The task.
The material below has pictures in it. Set down only the lines from the line containing "Bag Balm バリューバンドル(8オンス、1オンス缶は、チューブをオン-行くとメガモイスチャーソープ)" through the line containing "KC HiLiTES 644", word for word, and leave the pictures behind.

Dataset extract.
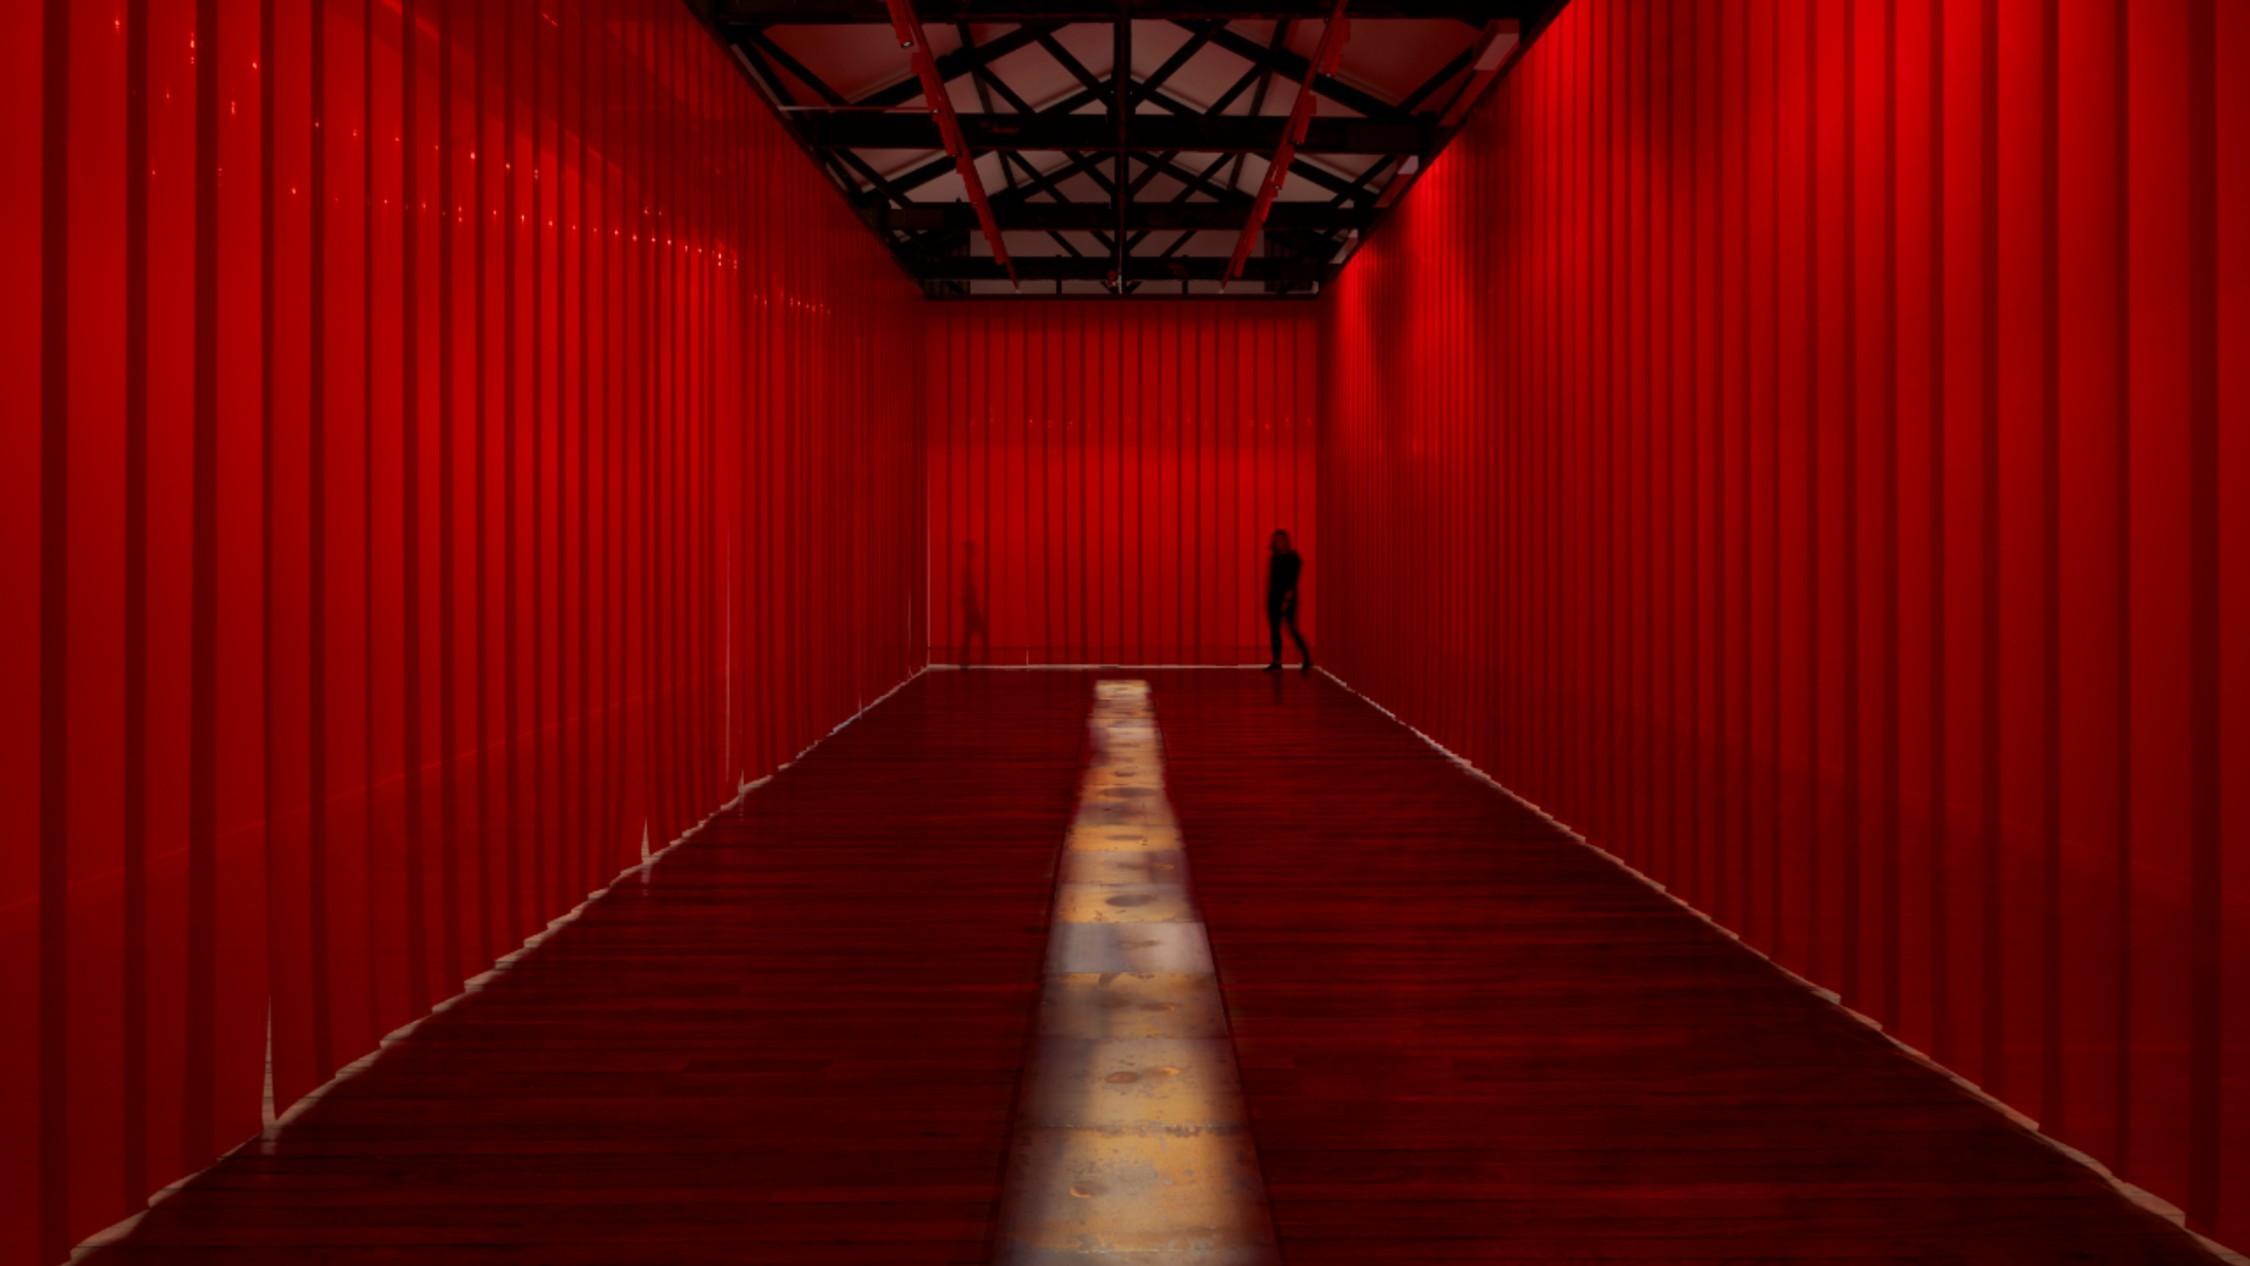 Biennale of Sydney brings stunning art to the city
==
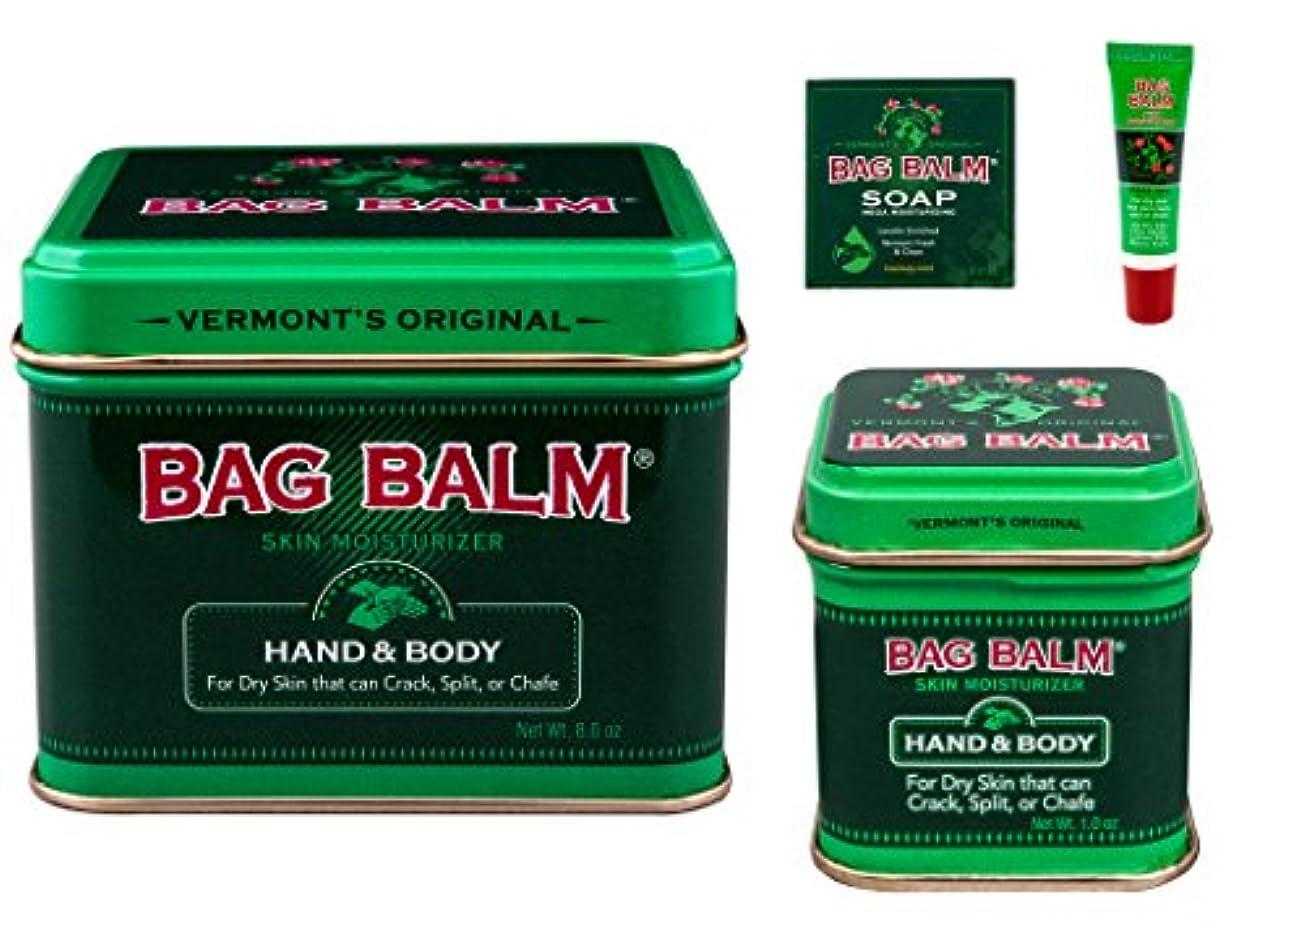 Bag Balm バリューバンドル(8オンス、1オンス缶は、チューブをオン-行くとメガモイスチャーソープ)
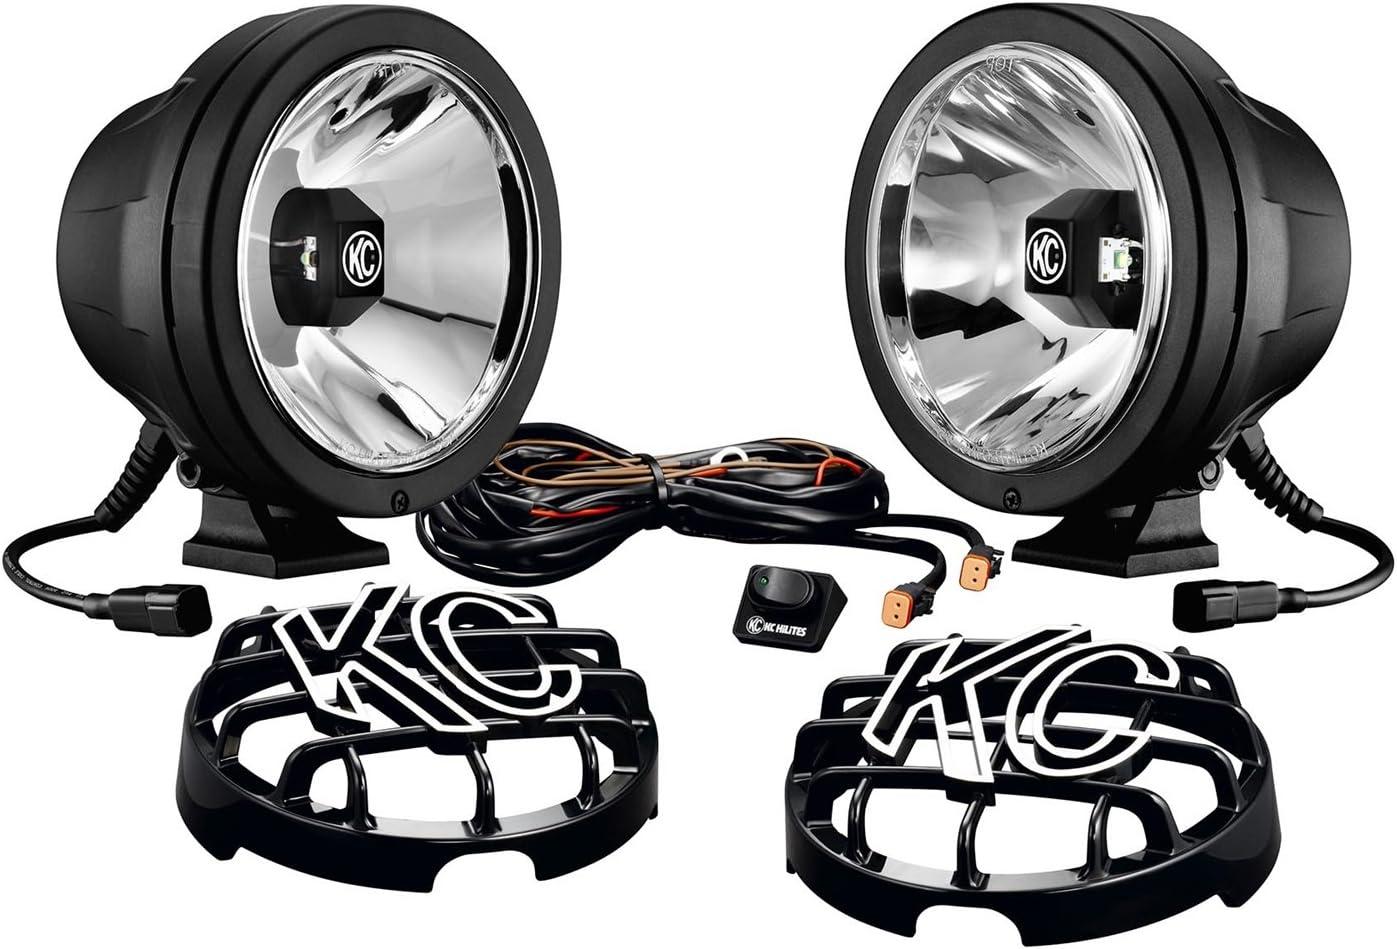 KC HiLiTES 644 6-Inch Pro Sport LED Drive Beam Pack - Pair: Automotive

Exercise result.
 Bag Balm バリューバンドル(8オンス、1オンス缶は、チューブをオン-行くとメガモイスチャーソープ)
 KC HiLiTES 644 6-Inch Pro Sport LED Drive Beam Pack - Pair: Automotive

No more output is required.